Editorial: #DeleteFacebook?

Imagine: A high-level political consultant admits he mined Facebook data to target likely voters in swing states. He says he helped “build this thing called targeted sharing” that “allowed us to use Facebook to persuade people.” Cambridge Analytica? No, that was Democratic strategist Jim Messina, Barack Obama’s campaign manager in 2012, discussing the ways in which his campaign employed “big data” to target likely supporters in key states.

It turns out a similar use was put to Facebook data in 2016, but the users intended to get Donald Trump elected.
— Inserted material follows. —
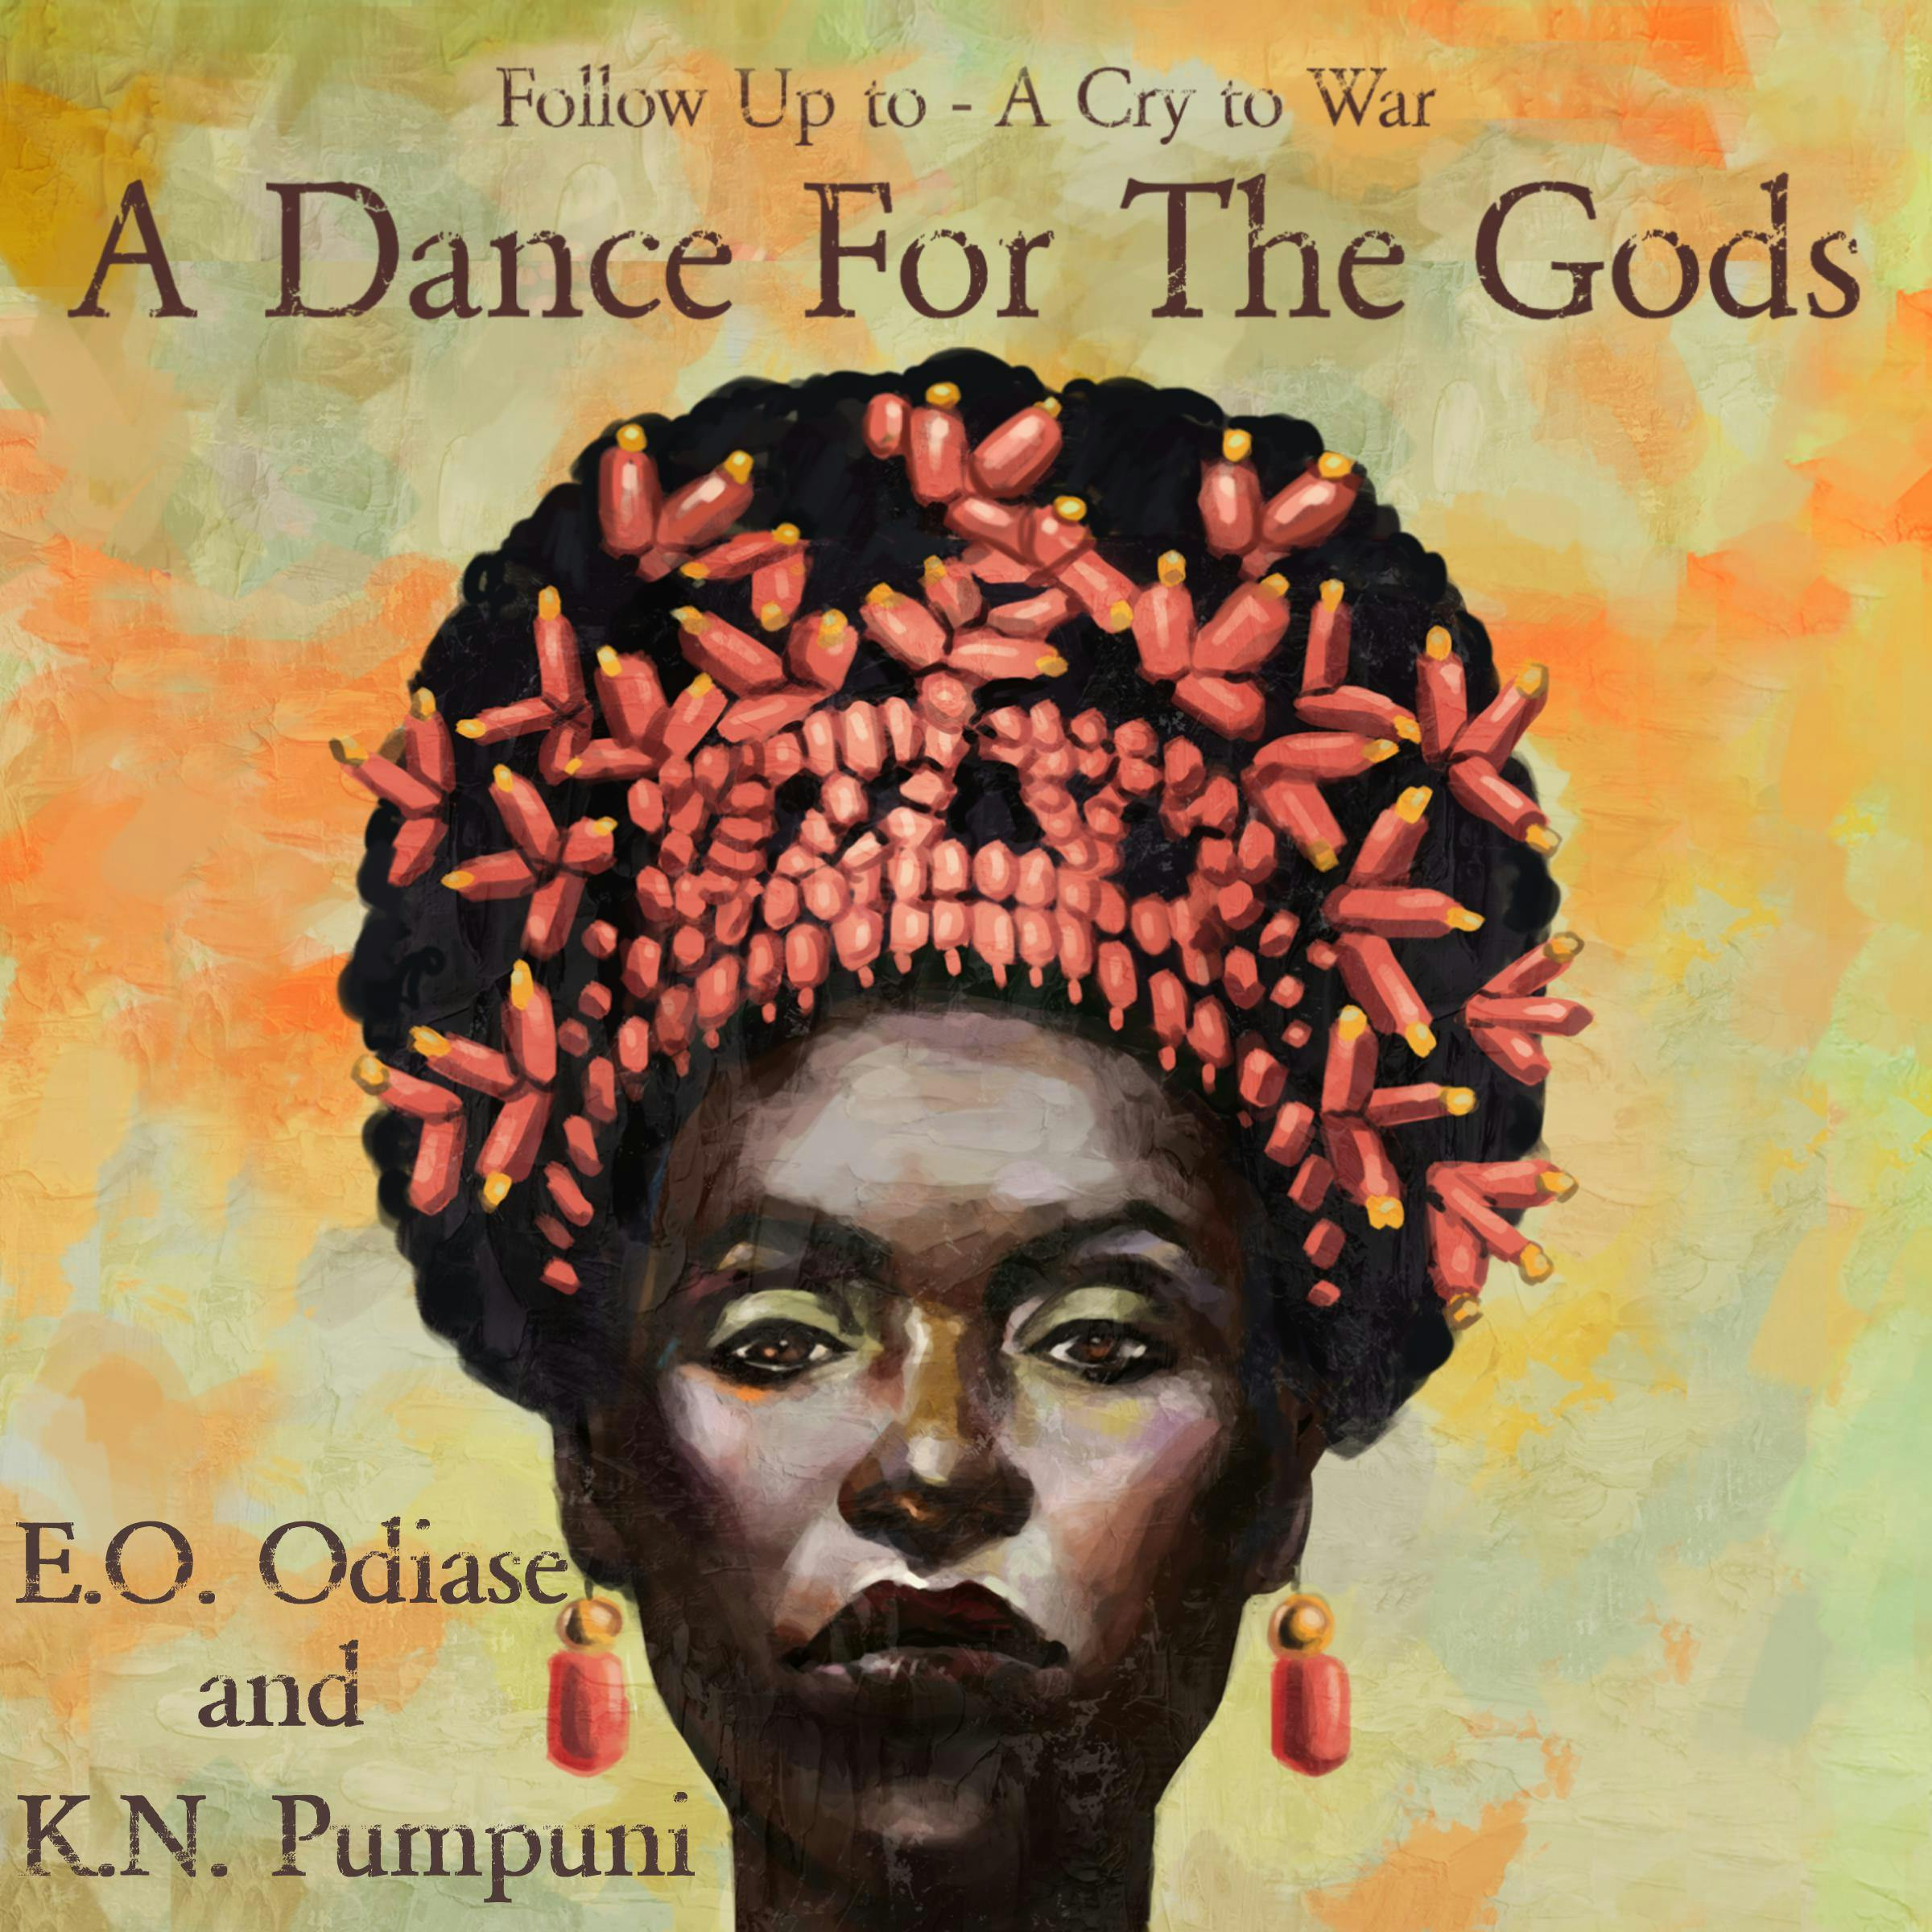 A Dance For The Gods: Sequel to A Cry to War - E.O. Odiase and K.N. Pumpuni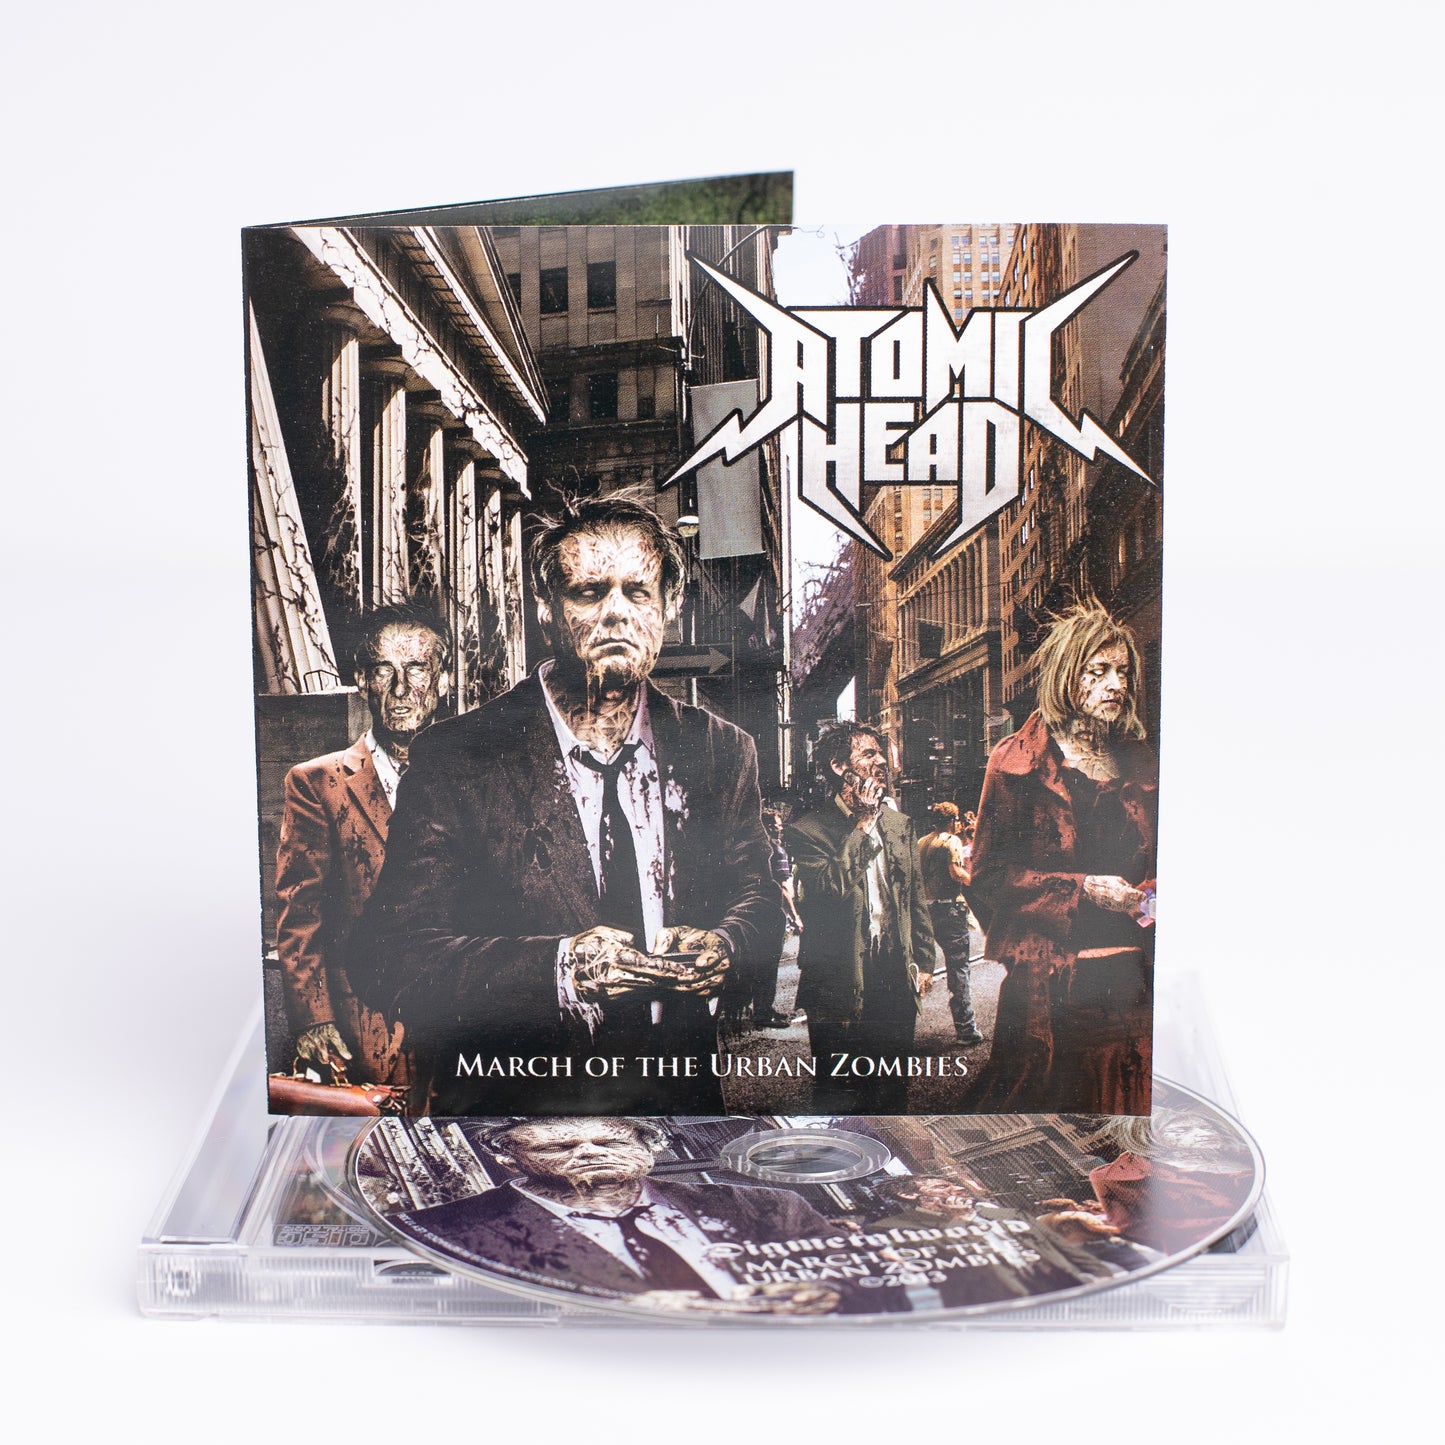 ATOMIC HEAD - March of the urban zombies (Jewel case)

Why the latter is scandalous, but not the former, we are not sure.

Cambridge Analytica, or CA, a U.K.-based data-mining agency, harvested information from 50 million Facebook profiles and used it to target voters in the 2016 election. The firm received this data from Aleksandr Kogan, a researcher at Cambridge University, who developed an app that acquired personal data through a Facebook-integrated third-party “quiz.” The quiz allowed Kogan to enter profiles and snatch information such as birthdate, residence, and “likes” from quiz-takers and their friends. After Kogan obtained all this data, he shared it with CA—evidently against Facebook’s policy, which by that time had changed its rules. CA then set up psychographic models based on the Facebook users whose data they had grabbed—and used it to micro-target specified profiles.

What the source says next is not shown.